Published in final edited form as: Trends Mol Med. 2020 Oct 19;27(2):123–137. doi: 10.1016/j.molmed.2020.09.008

Figure 2. Emerging DUX4-Targeting Therapies in FSHD.

Figure 2.

A. In lieu of directly targeting DUX4, the downstream effectors of DUX4 toxicity can be reduced using small molecule inhibitors. B. The DUX4 transcript can be targeted using RNA-based approaches. Antisense oligonucleotides (AO) can bind to a complimentary area of the transcript and block translation. Alternatively, RNA interference (RNAi) can direct the cleavage and degradation of the transcript. C-E. CRISPR-based approaches. CRISPR-Cas9 editing requires 2 components, a Cas9 endonuclease which cleaves DNA and a single guide RNA (sgRNA) to specify the target.
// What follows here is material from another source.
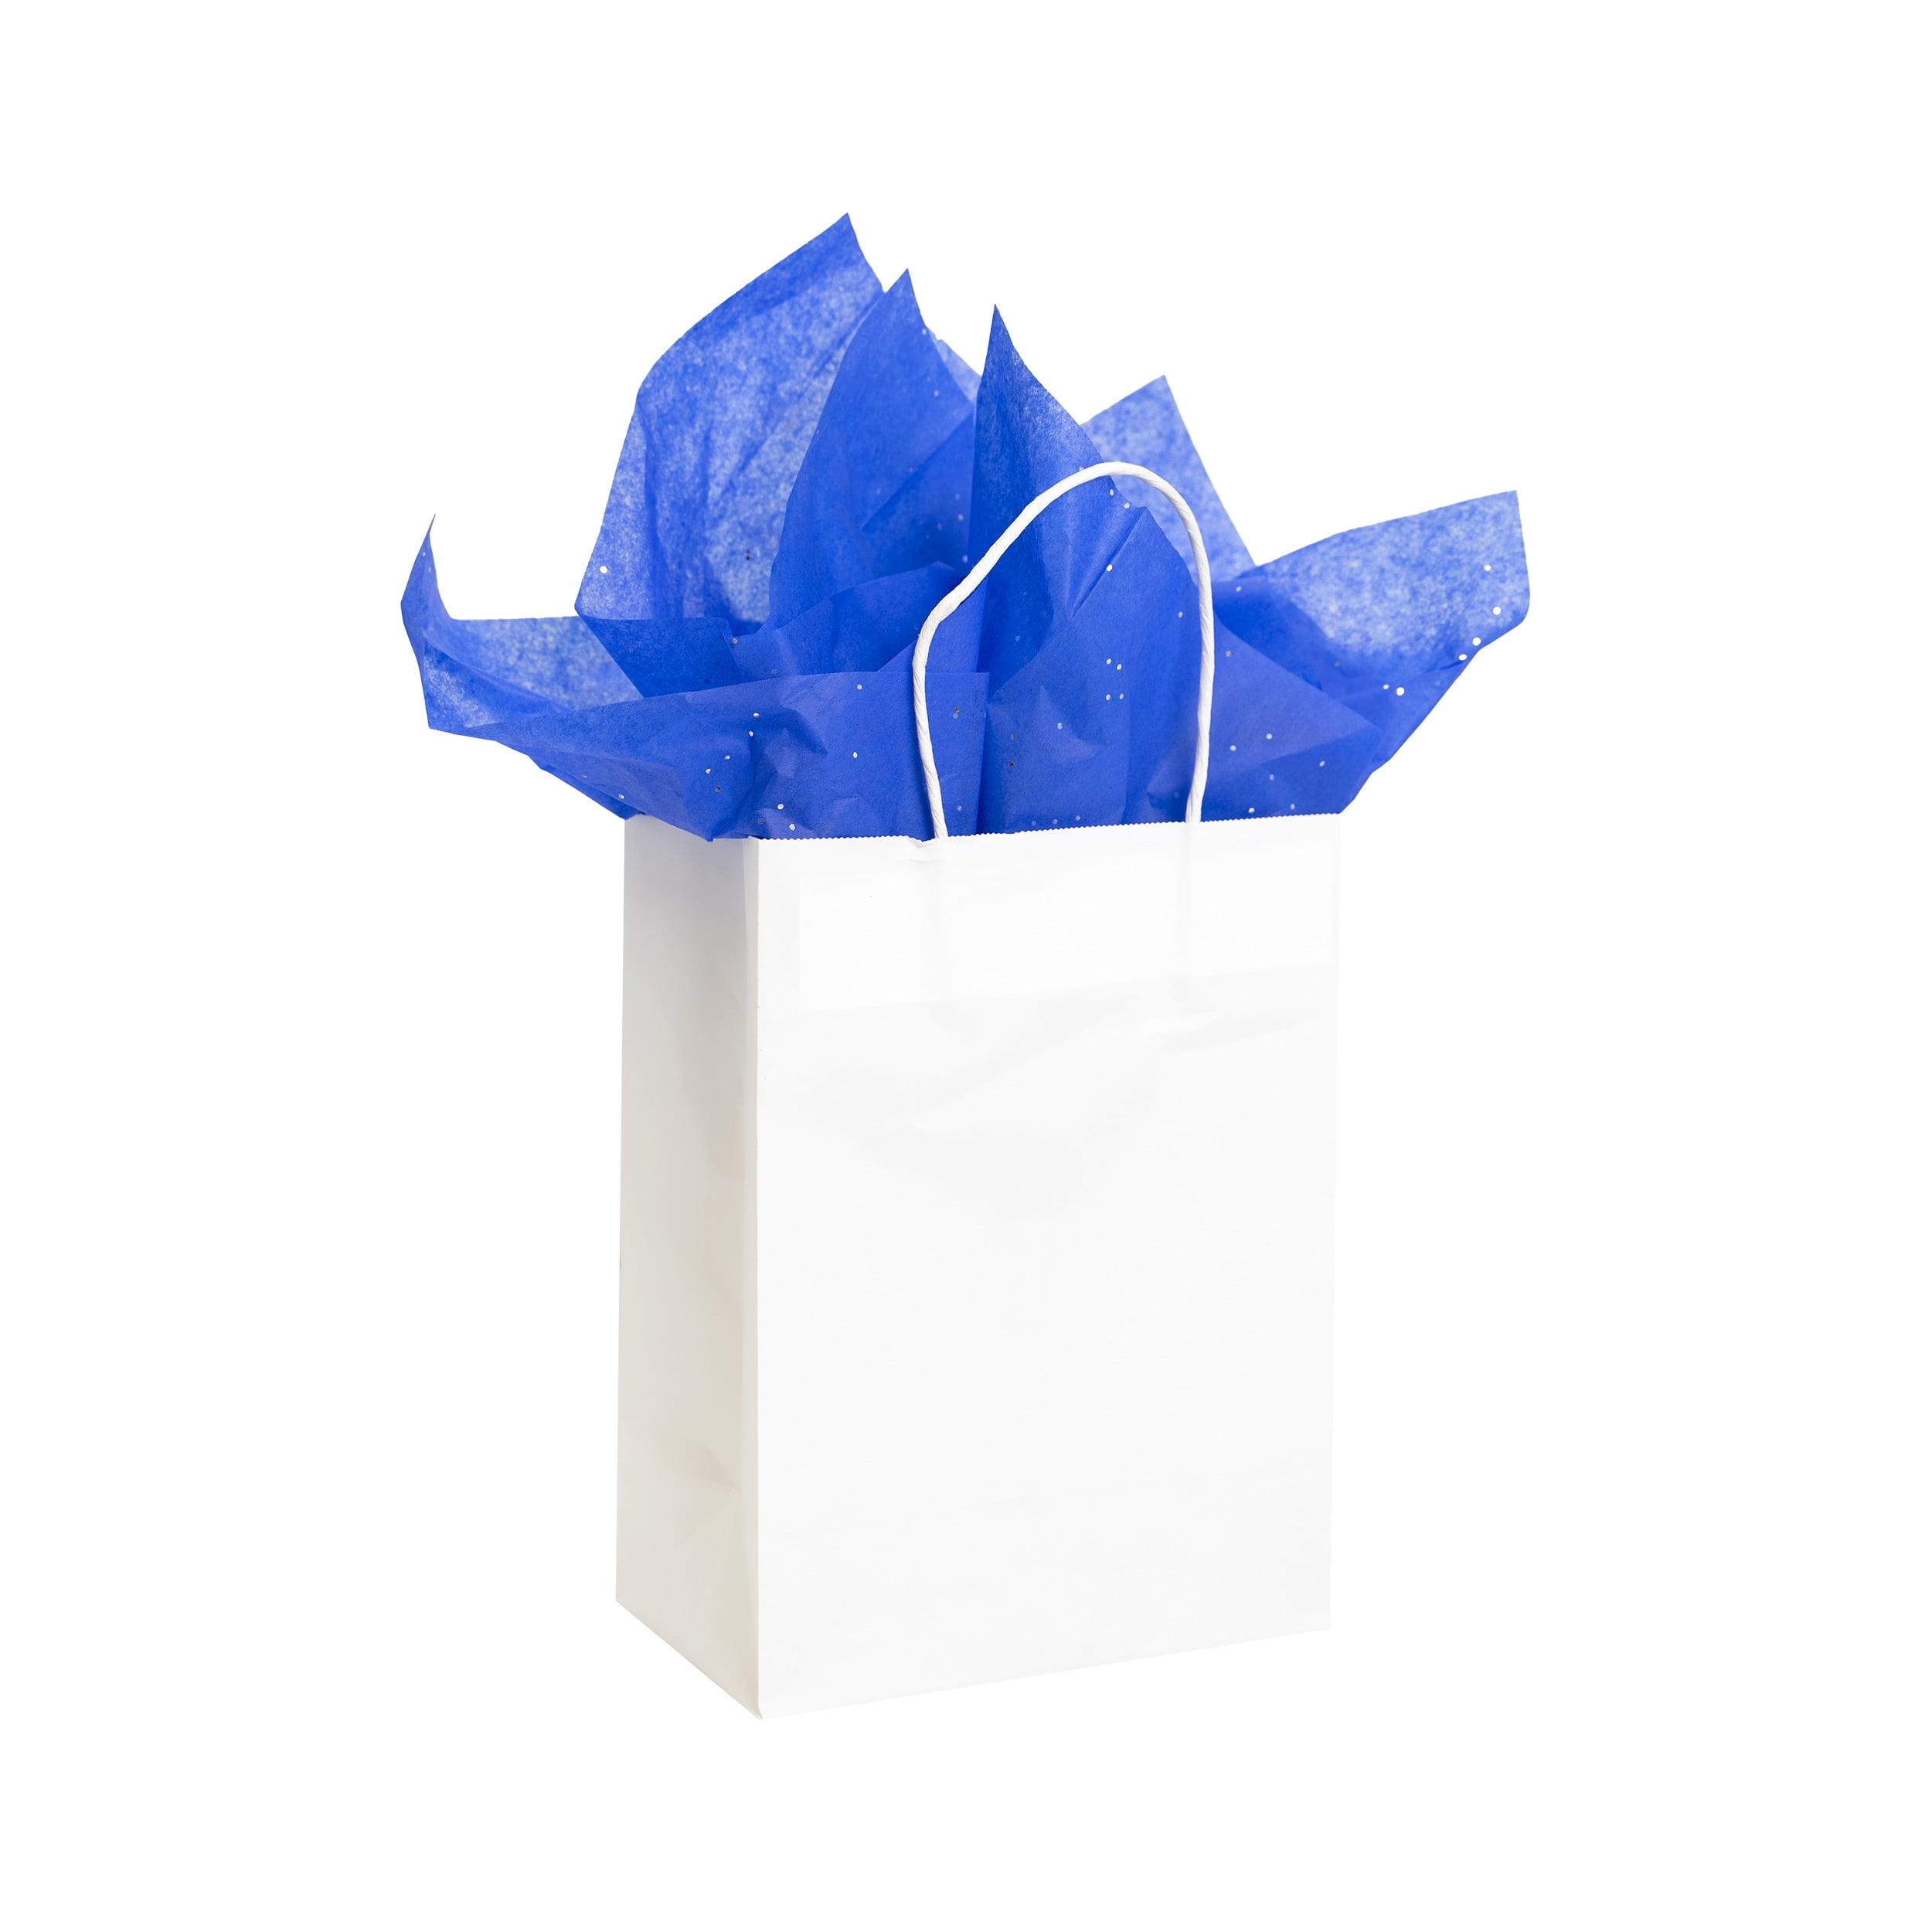 20 x 30 Parade Blue Gift Grade Tissue Paper
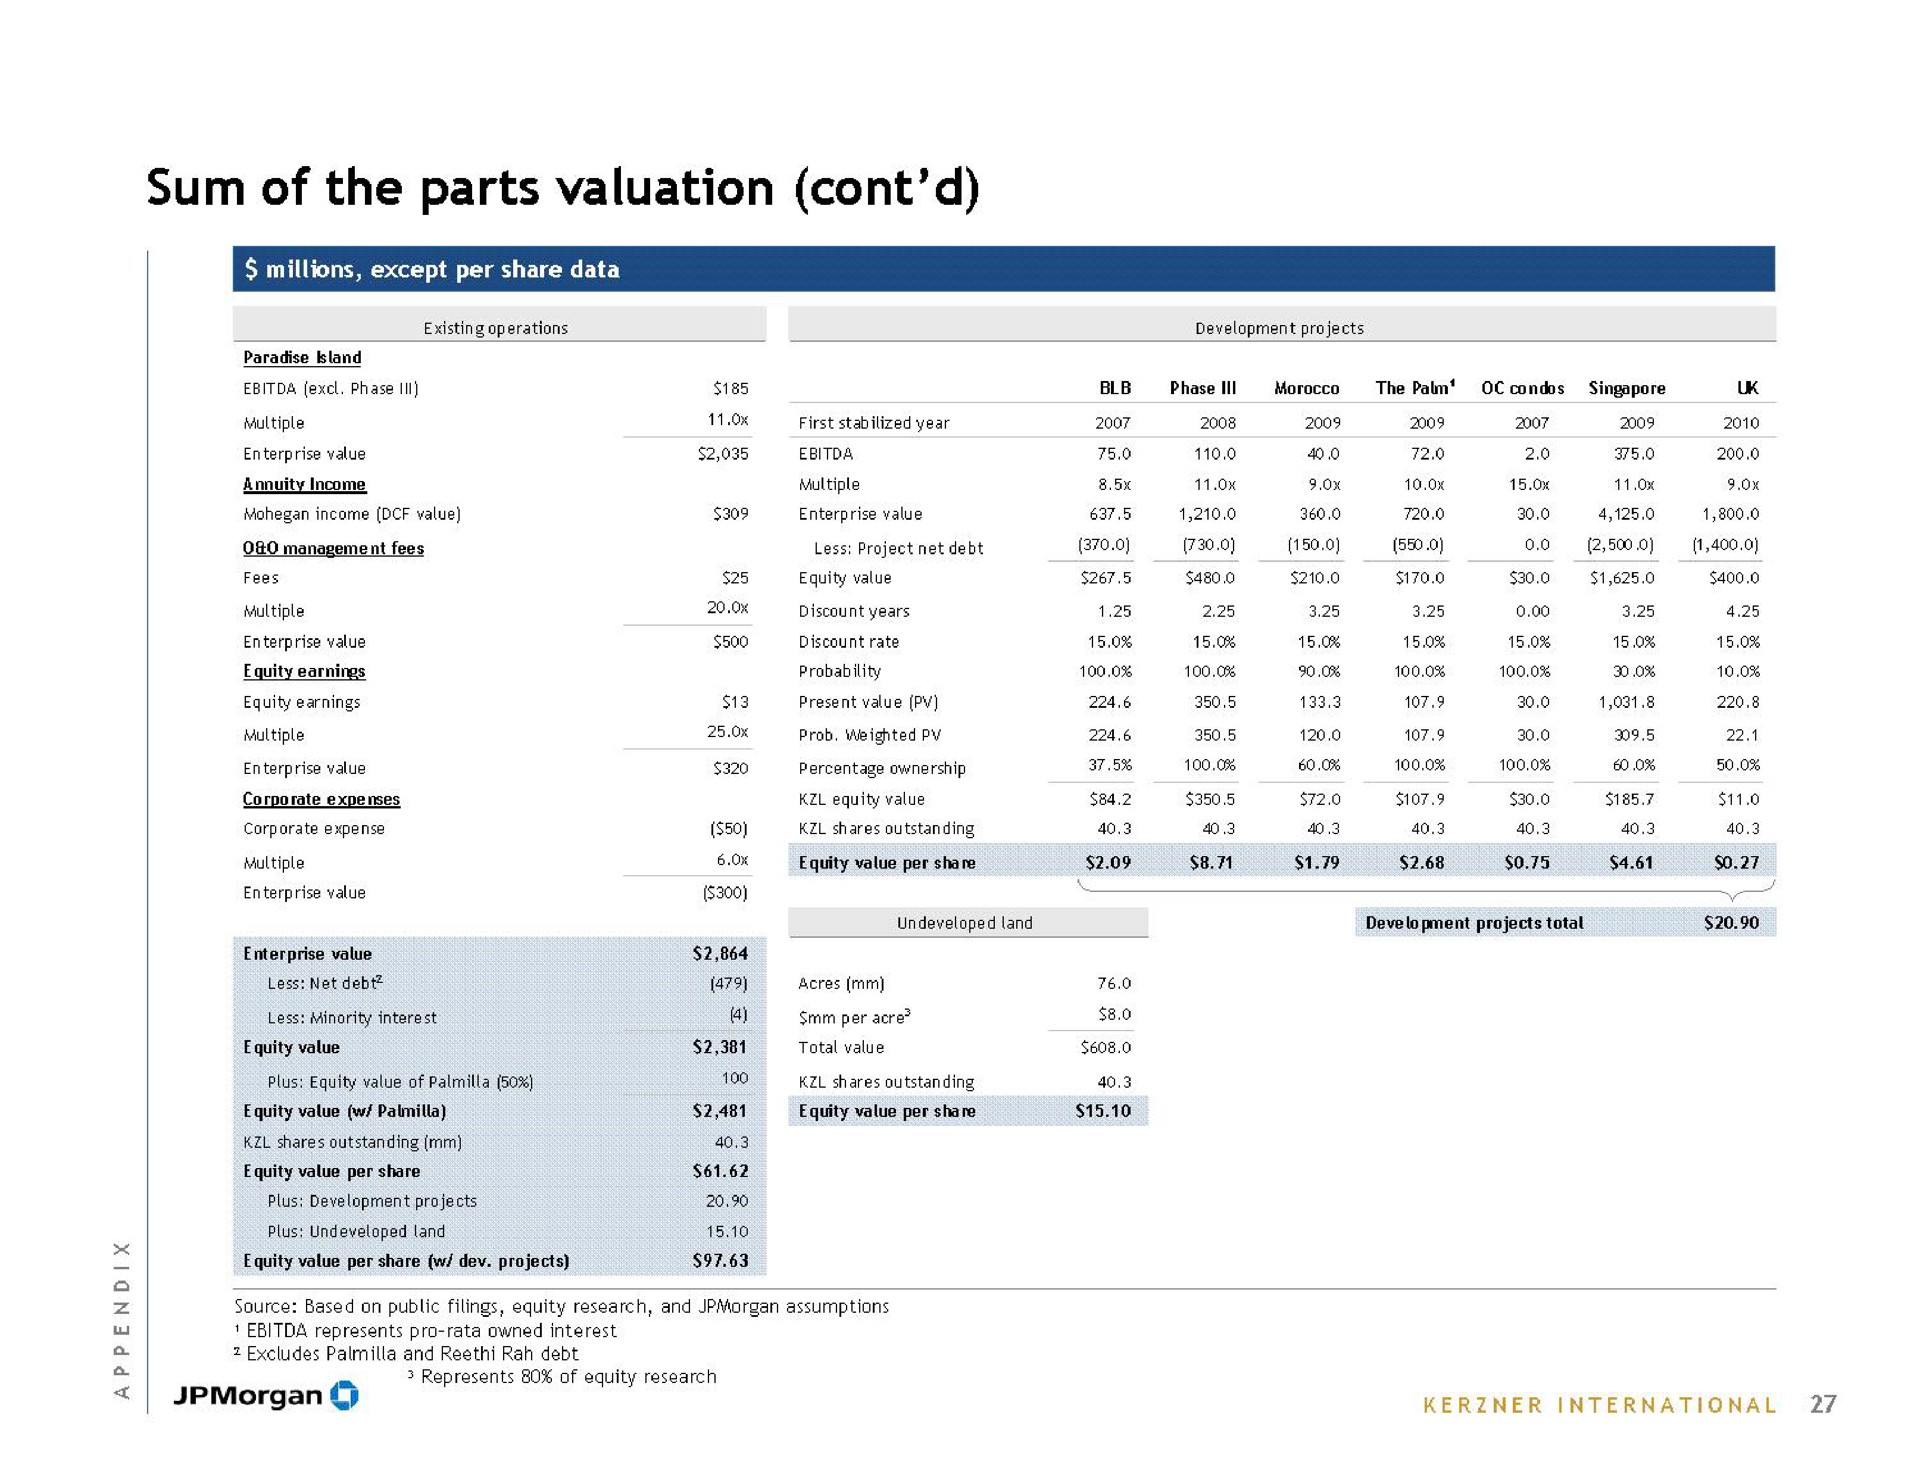 sum of the parts valuation | J.P.Morgan

C. The permissive 4qA haplotype at the end of the D4Z4 repeats can be changed to the non-permissive 4qB, eliminating the polyA sequence needed for stabilization of the DUX4 transcript. D. Mutations in epigenetic modifiers causative for FSHD2 such as SMCHD1 can be corrected to their functioning form. E. A catalytically inactive Cas9 that does not have endonuclease activity (dCas9) can be fused to a transcriptional repressor, condensing the region into a closed state which prevents DUX4 expression.